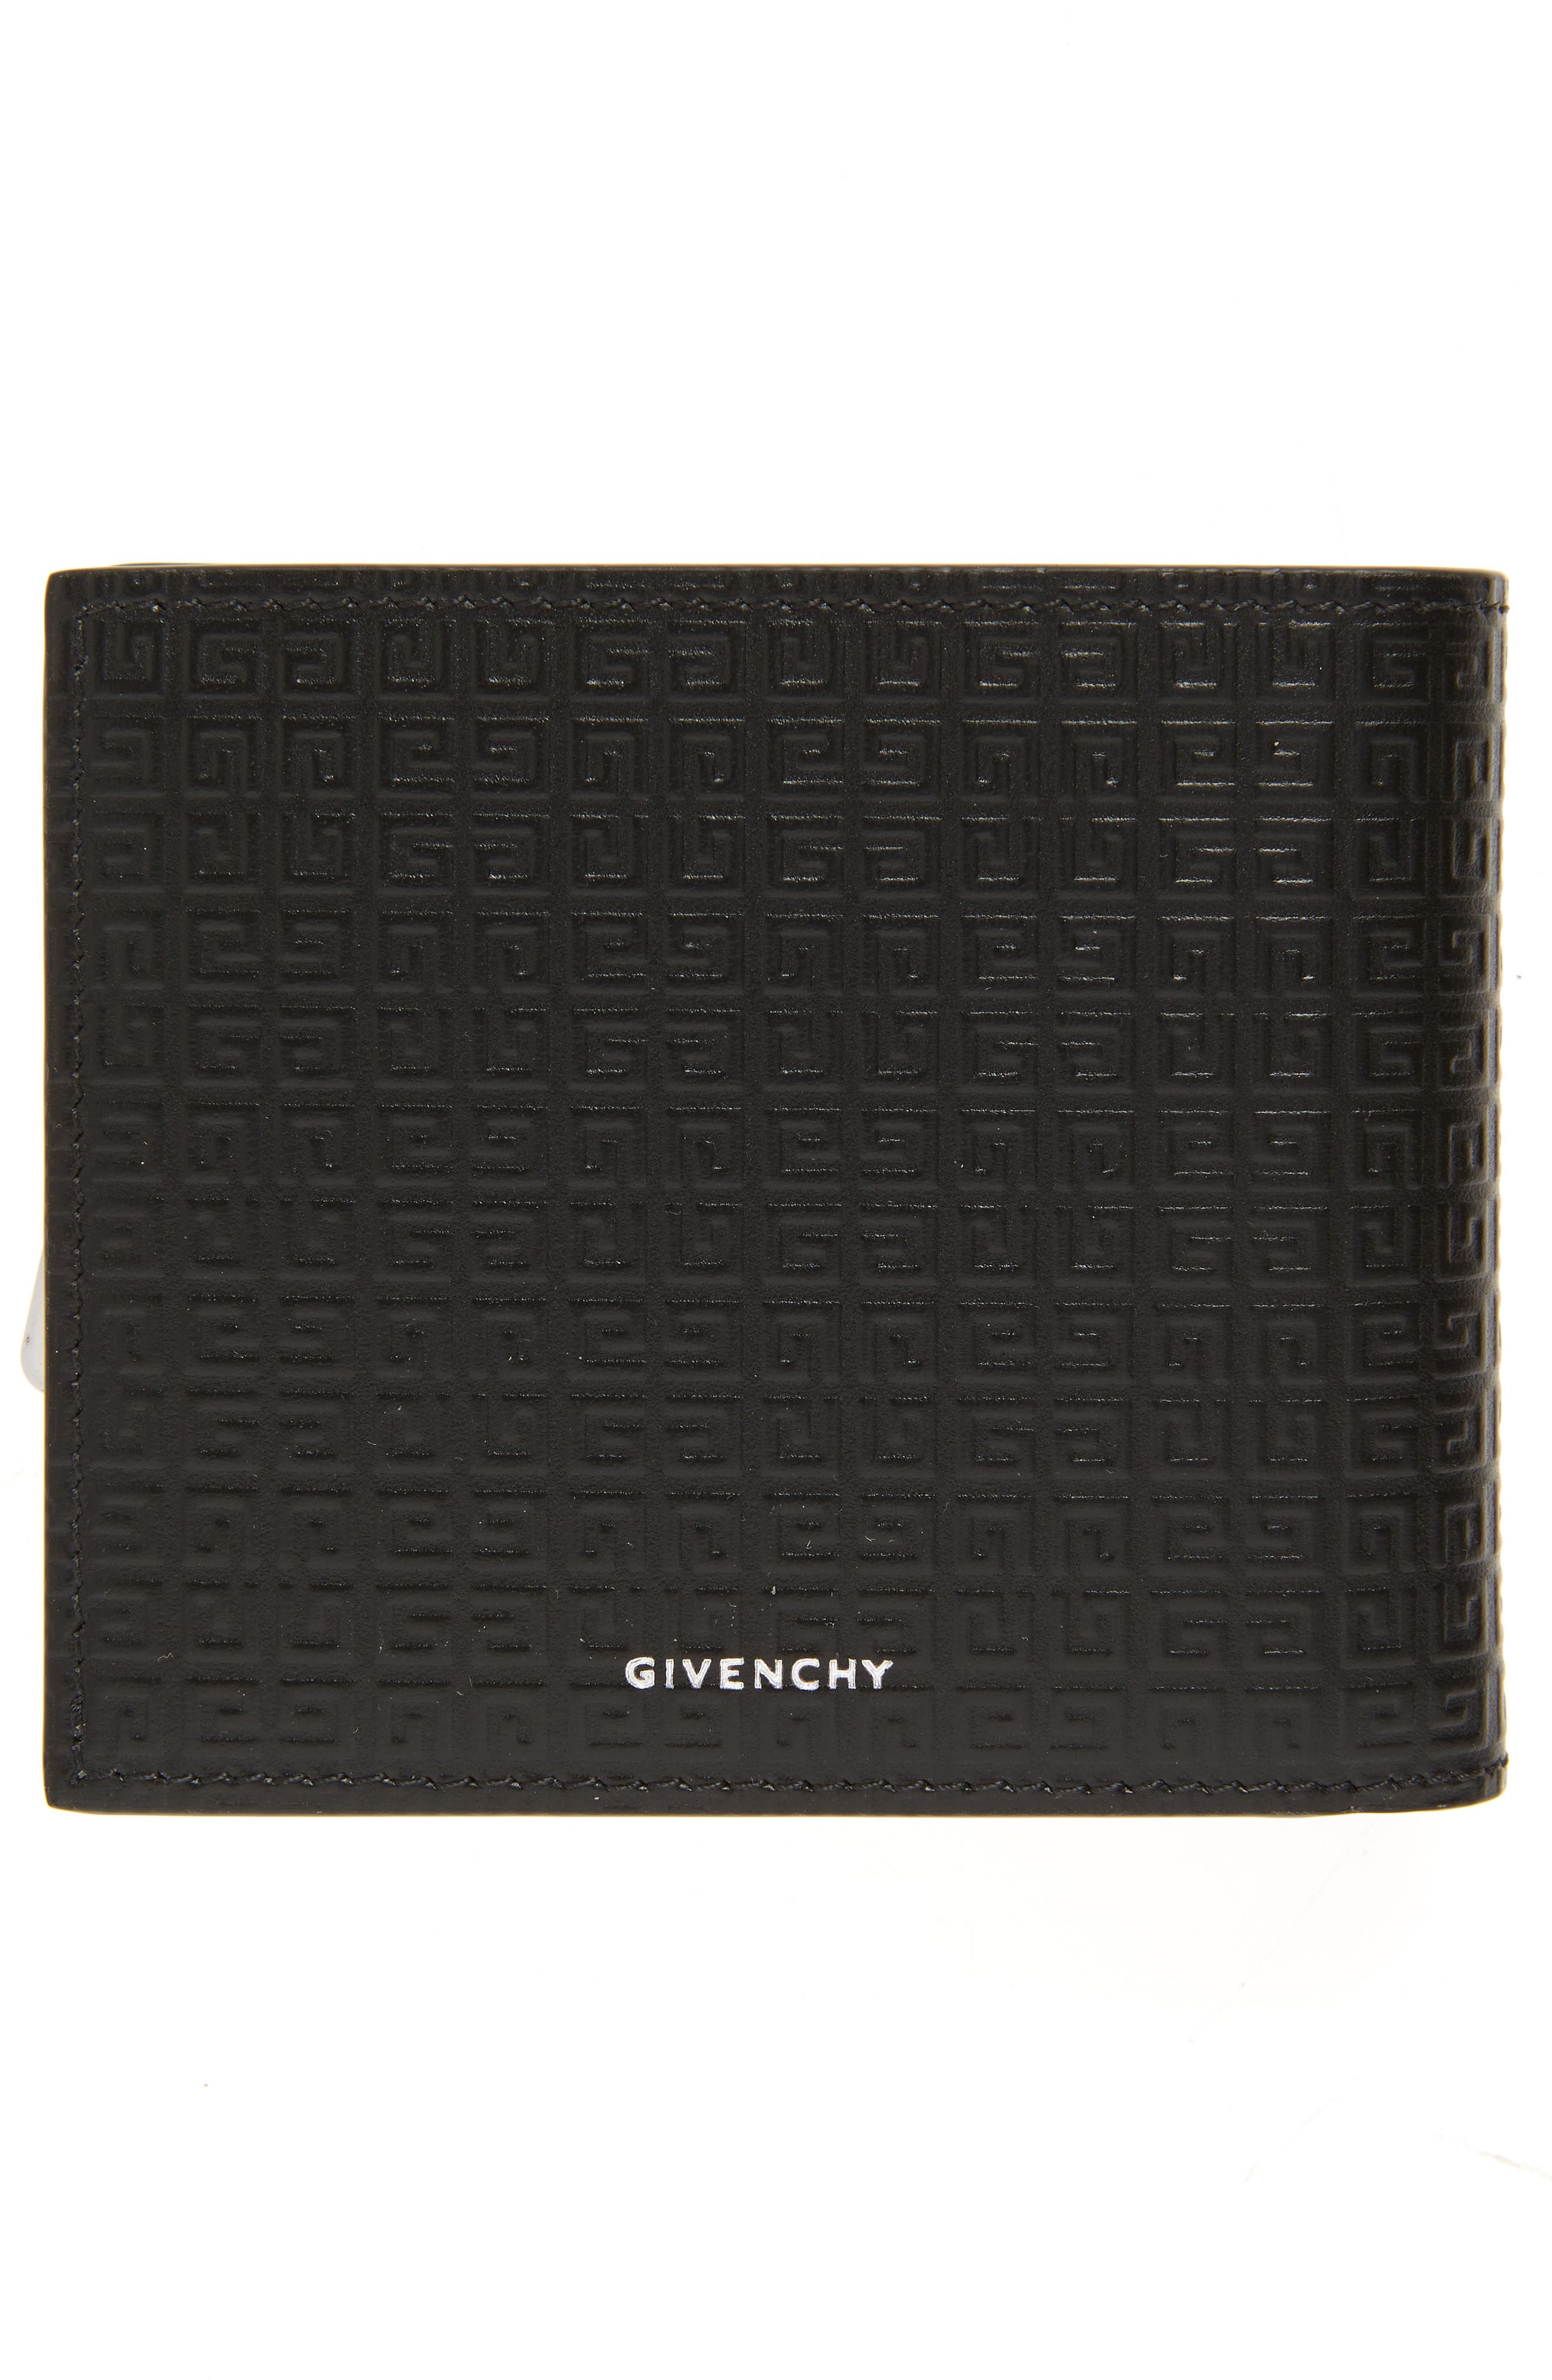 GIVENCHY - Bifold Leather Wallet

--

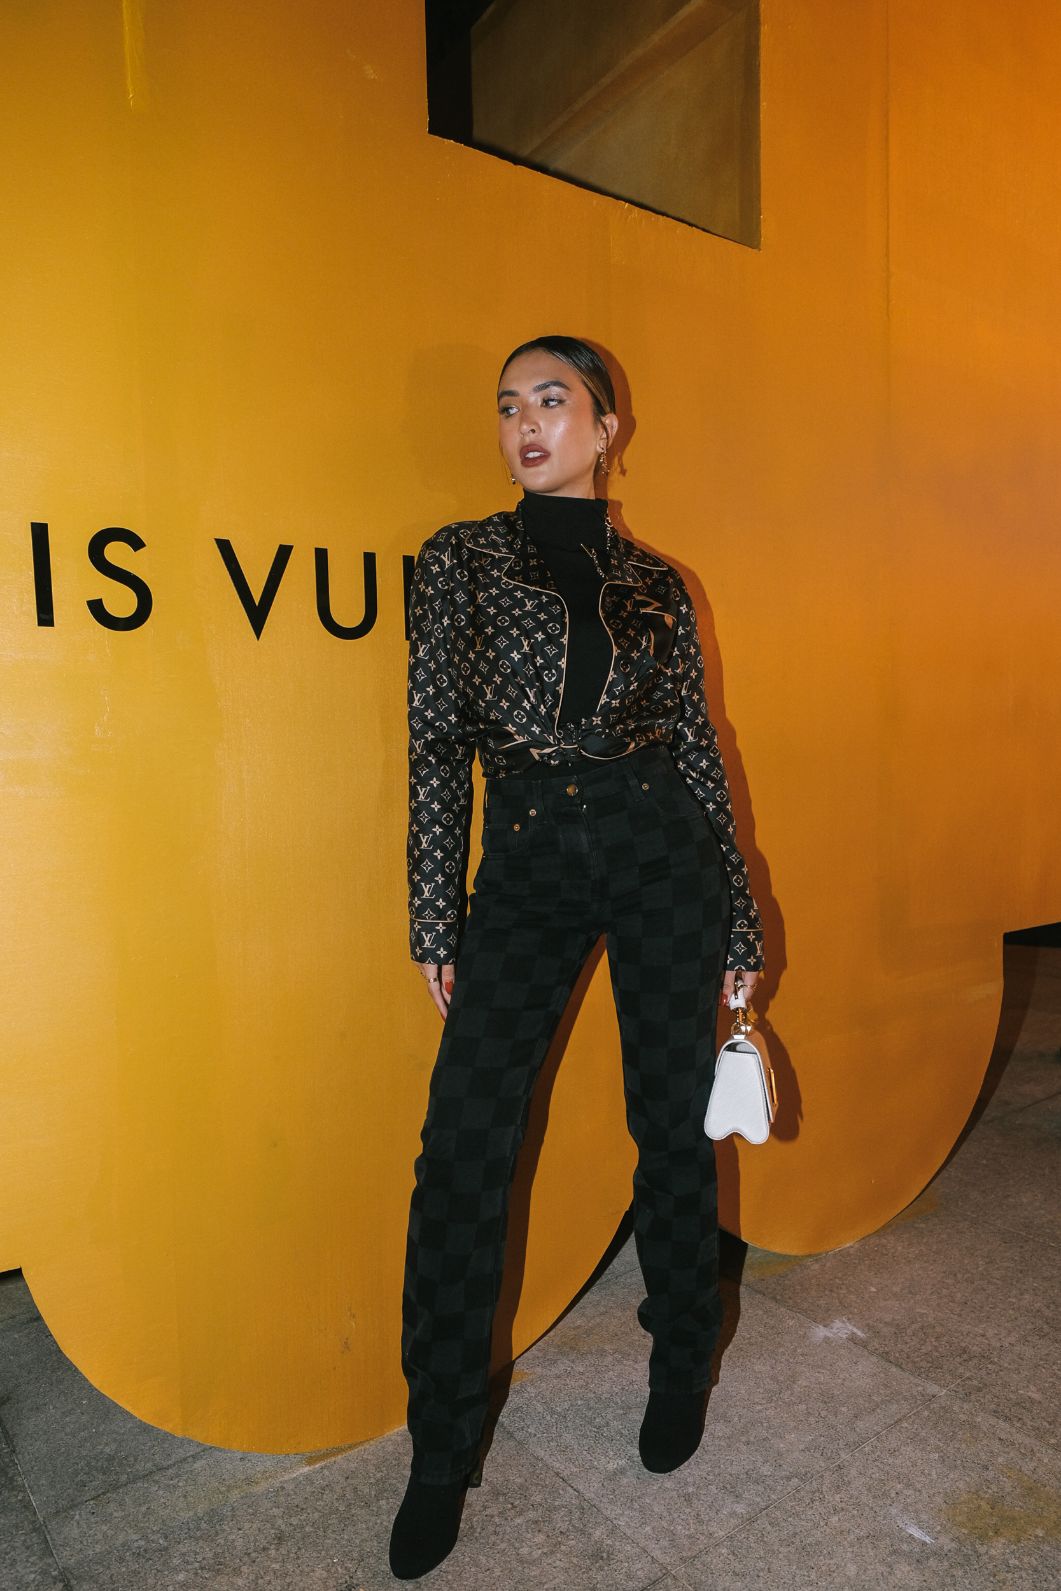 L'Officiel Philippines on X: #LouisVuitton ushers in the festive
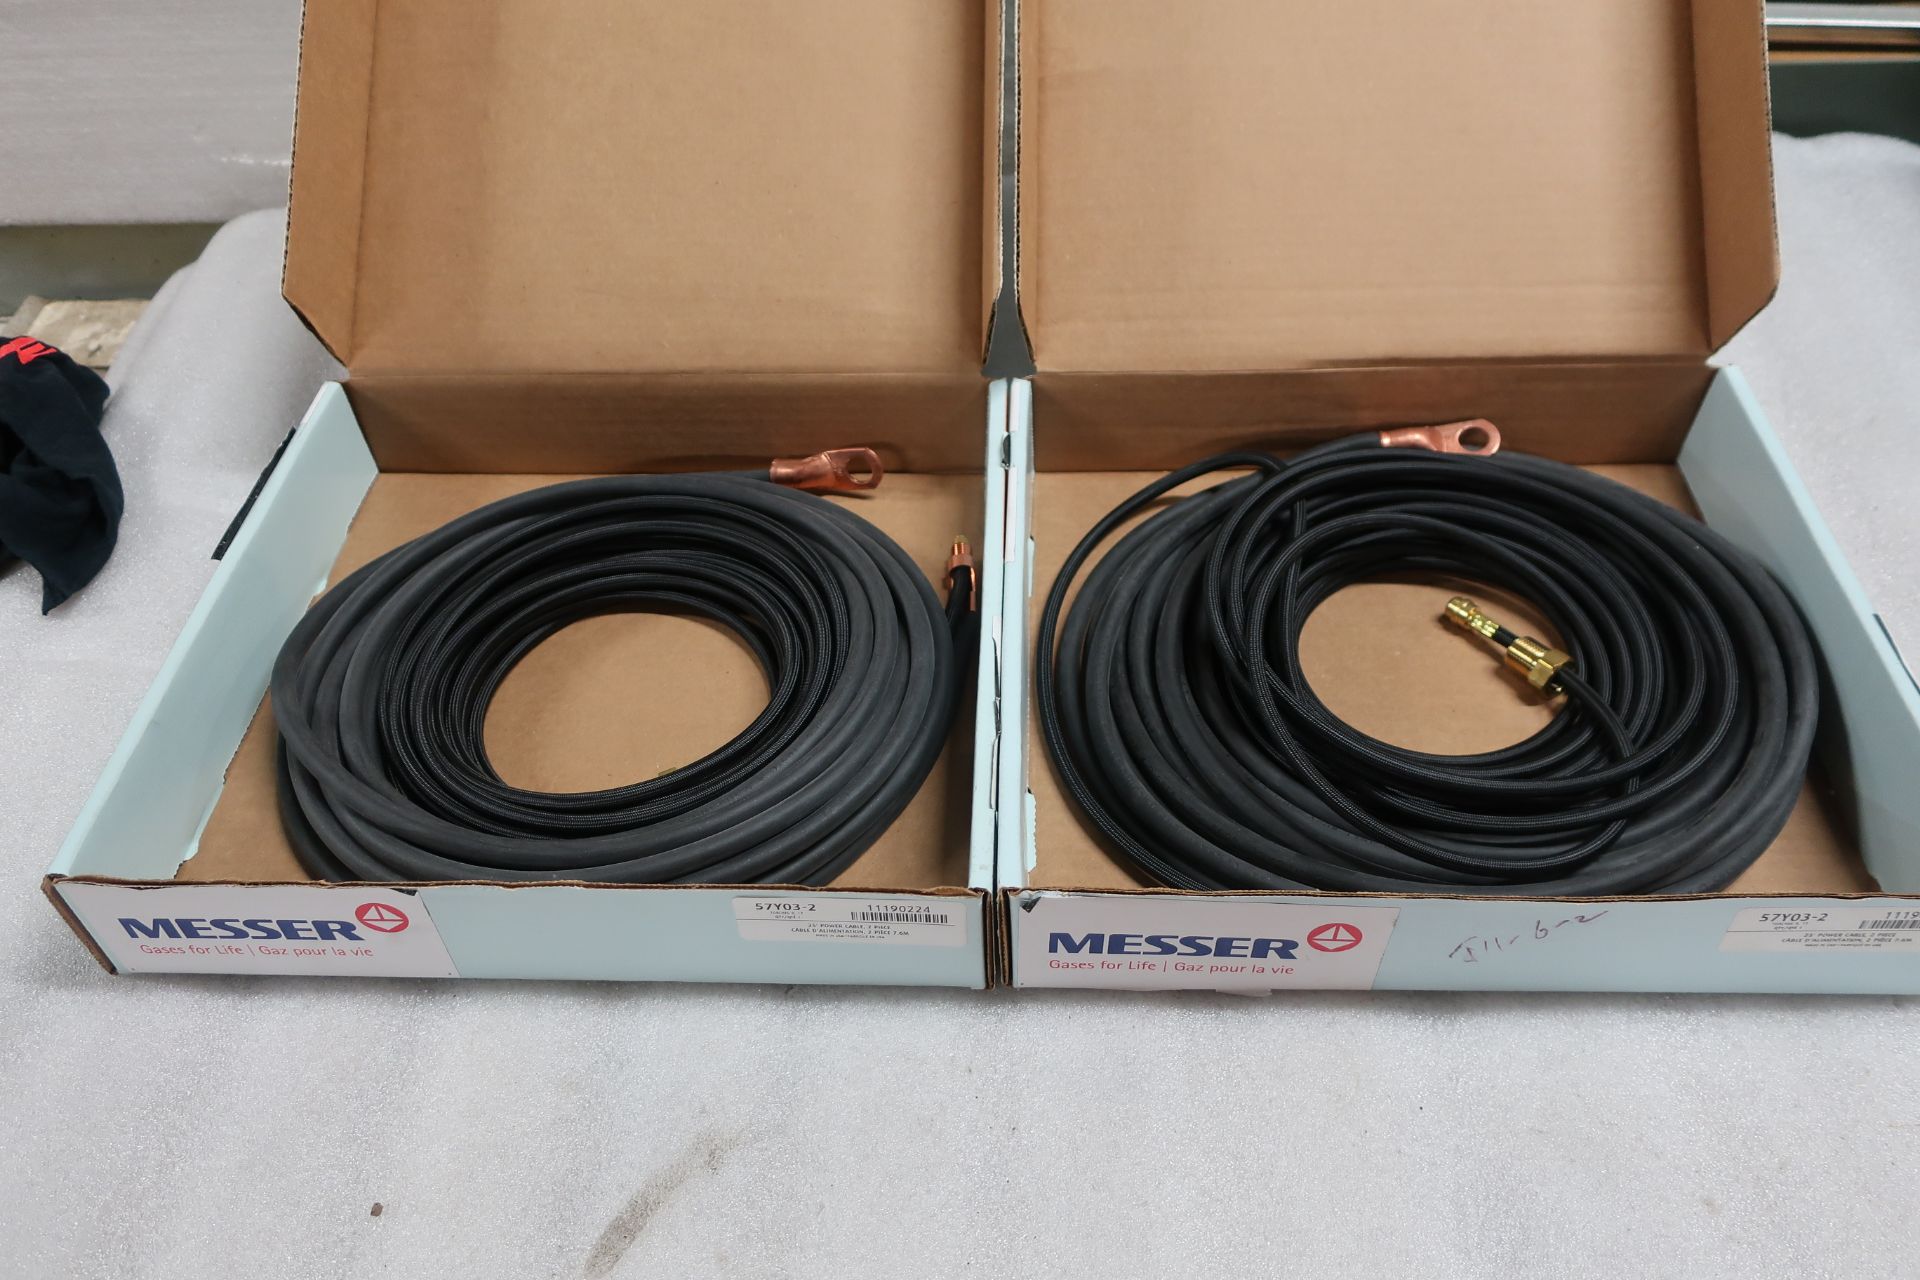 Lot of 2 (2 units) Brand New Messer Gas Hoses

- Aim of the task: Set the pictures aside and retype exactly the lines above from the line with "L'Officiel Philippines on" to the line with "Lot of 2 (2", both included, adding no others.

- Exercise response:
 L'Officiel Philippines on X: #LouisVuitton ushers in the festive
 Lot of 2 (2 units) Brand New Messer Gas Hoses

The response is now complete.